SOURCE MATERIAL:
------------------------------

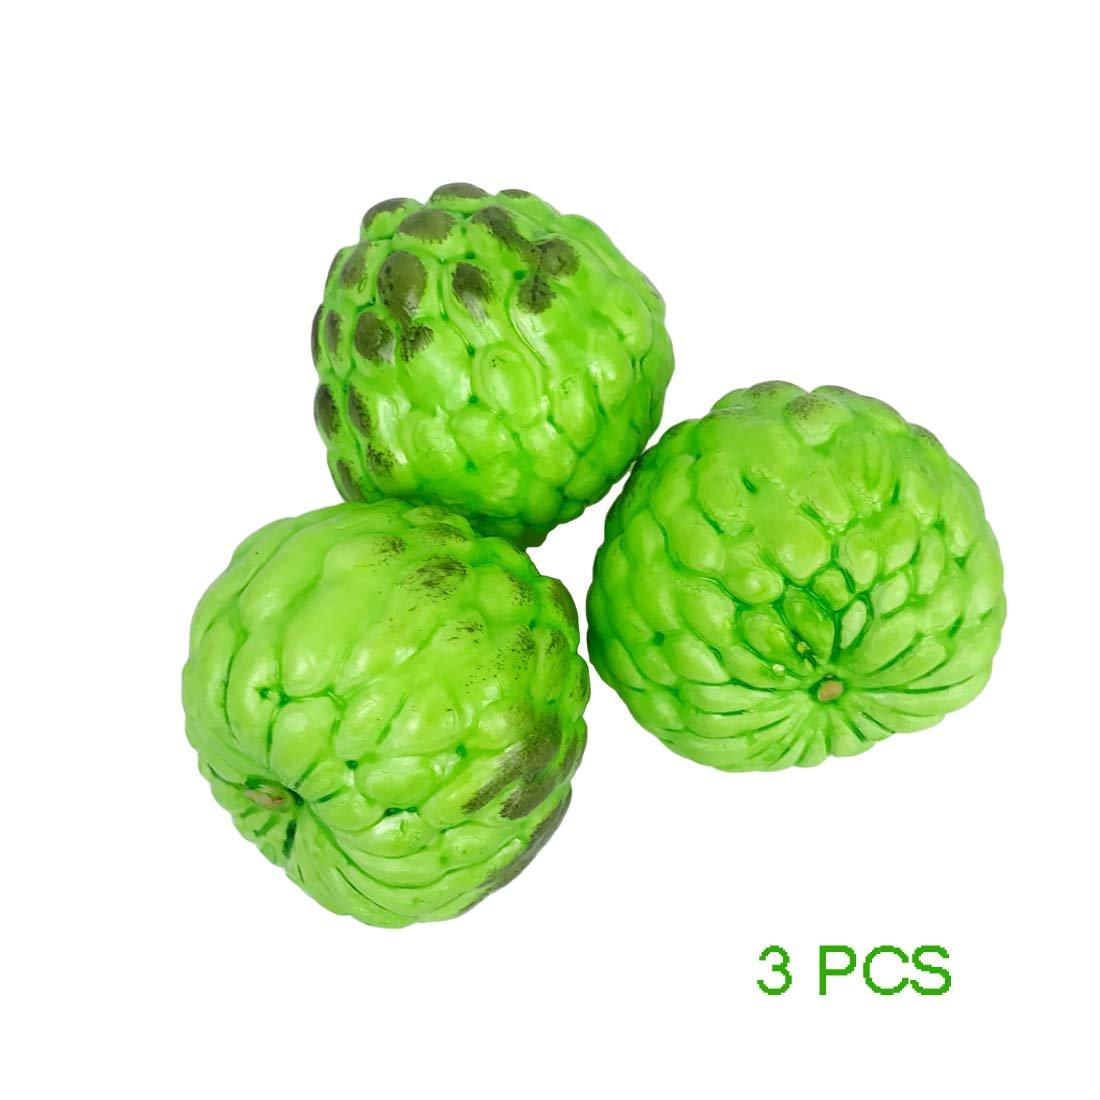 Cheap Cherimoya Fruit, find Cherimoya Fruit deals on line at Alibaba com
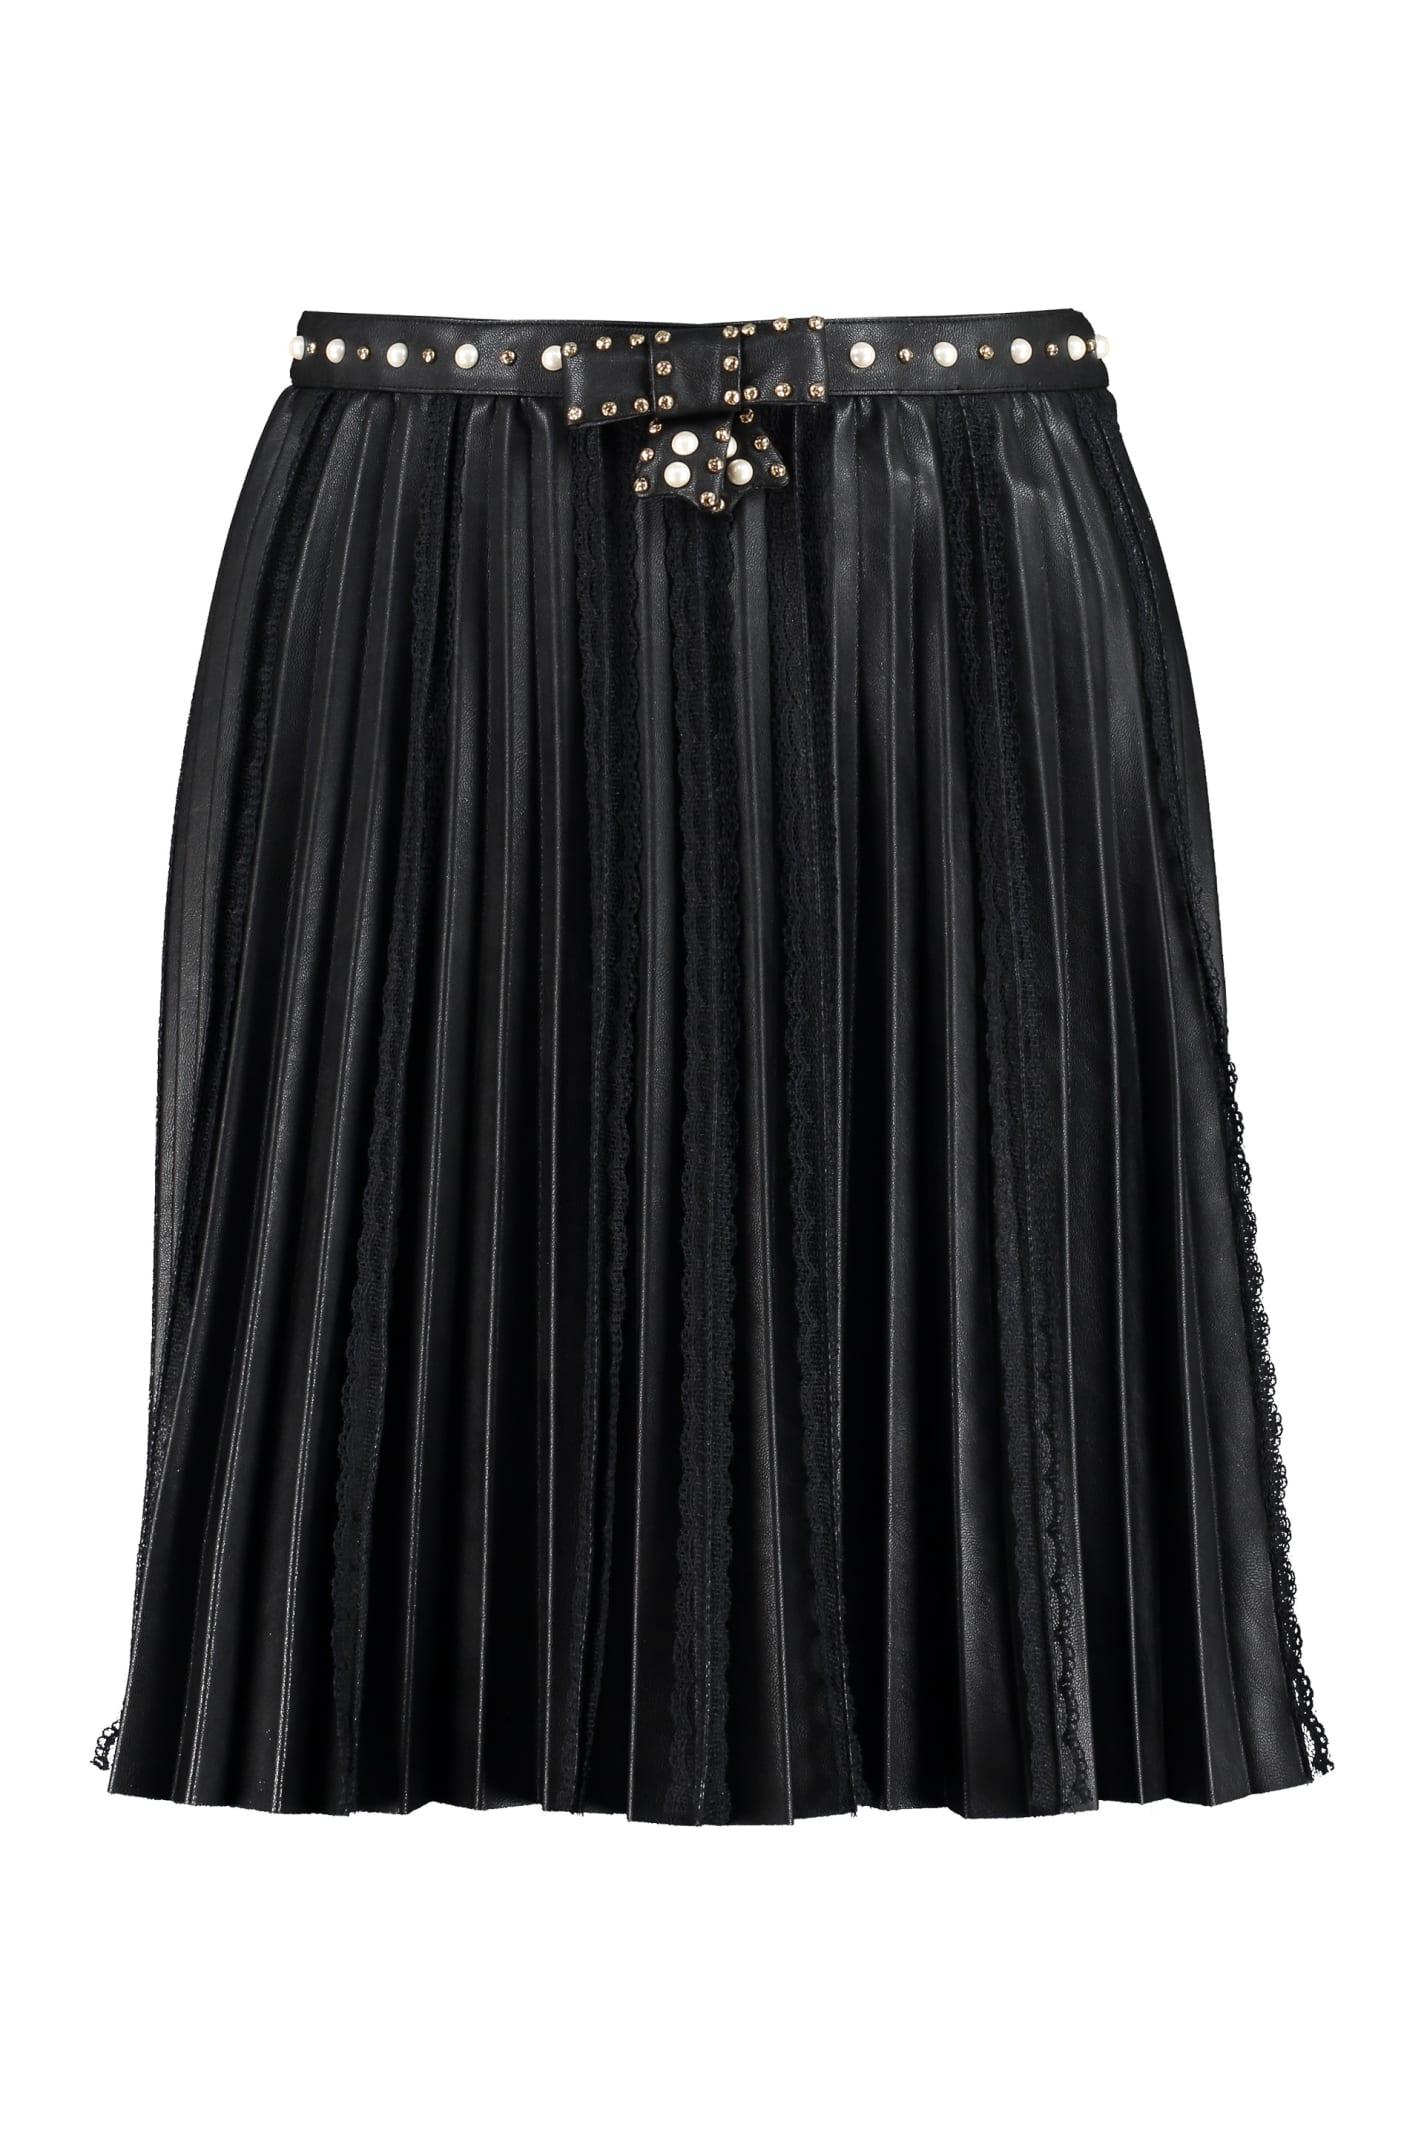 Elisabetta Franchi Faux Leather Pleated Mini Skirt
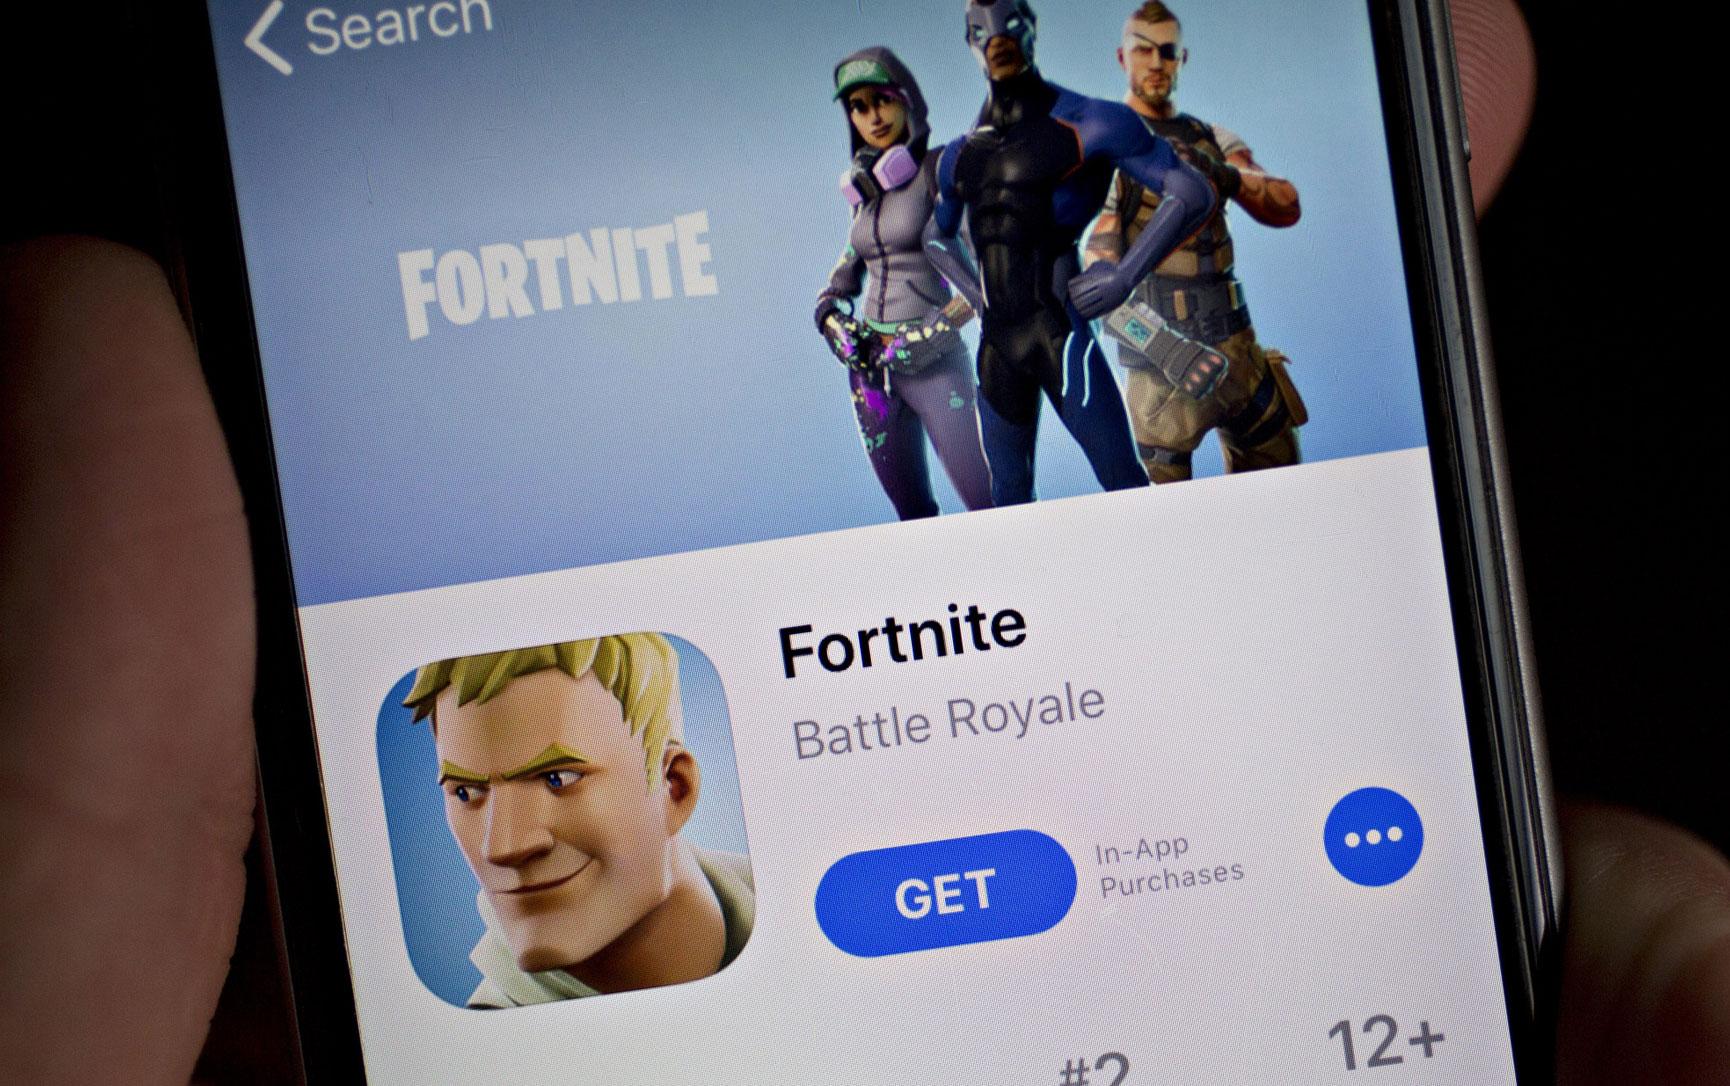 Apple tells Epic it won't allow Fortnite back on the App Store until court verdict is final
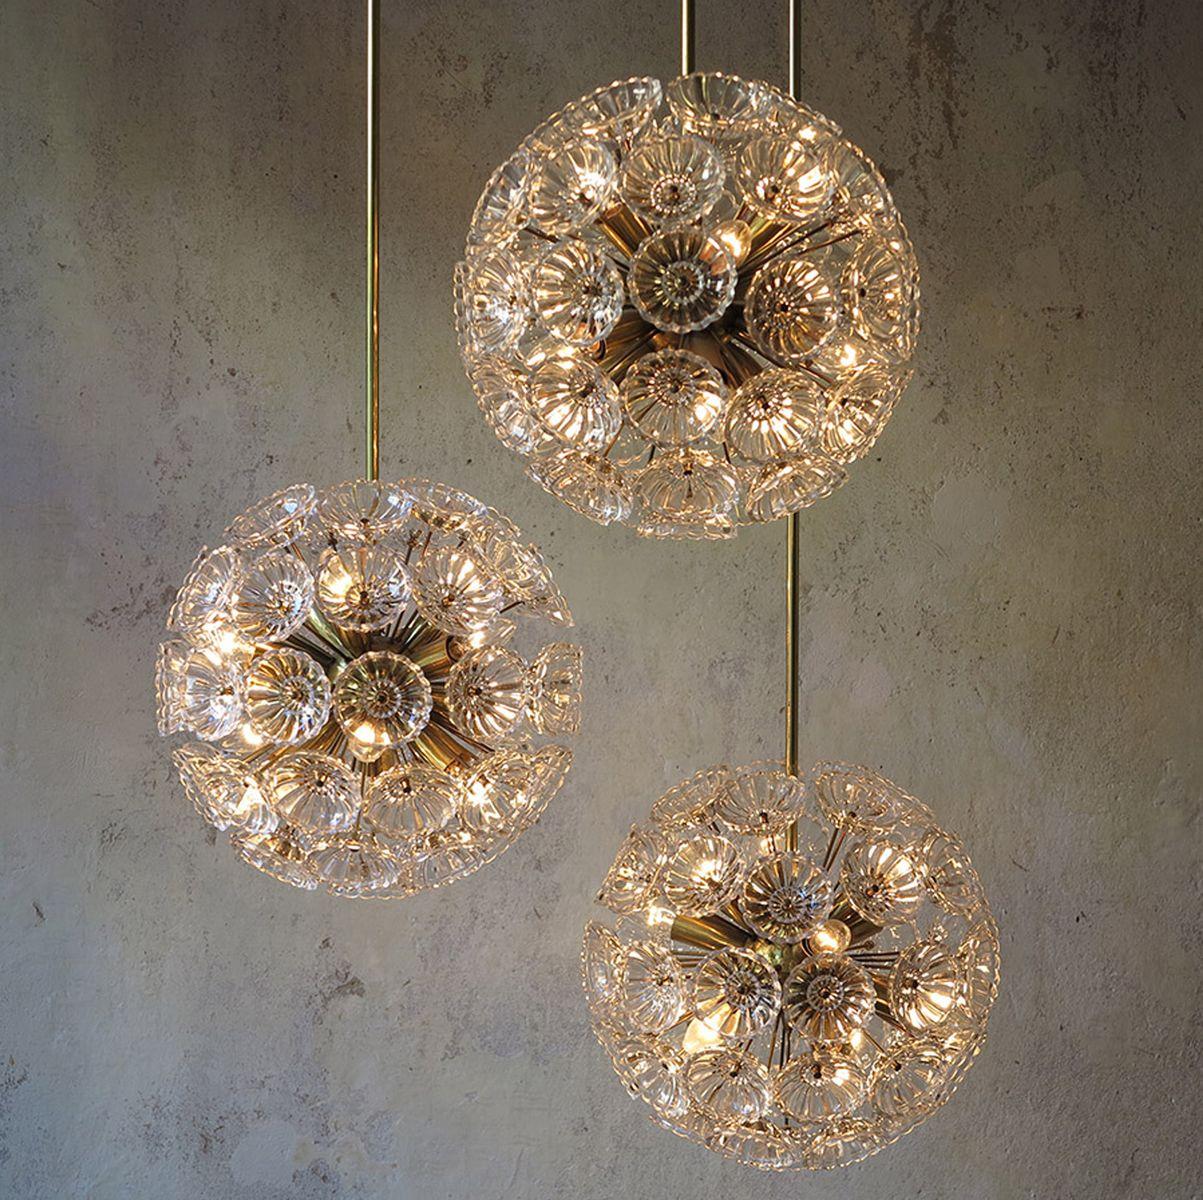 Sputnik christmas ornaments - Sold Out

------------------------------

EXERCISE DESCRIPTION: Write out exactly, and only, the lines from the line holding "Elisabetta Franchi Faux" through the end of the data, inclusive, without any pictures.

OUTPUT BELOW:
 Elisabetta Franchi Faux Leather Pleated Mini Skirt
 Apple tells Epic it won't allow Fortnite back on the App Store until court verdict is final
 Sputnik christmas ornaments - Sold Out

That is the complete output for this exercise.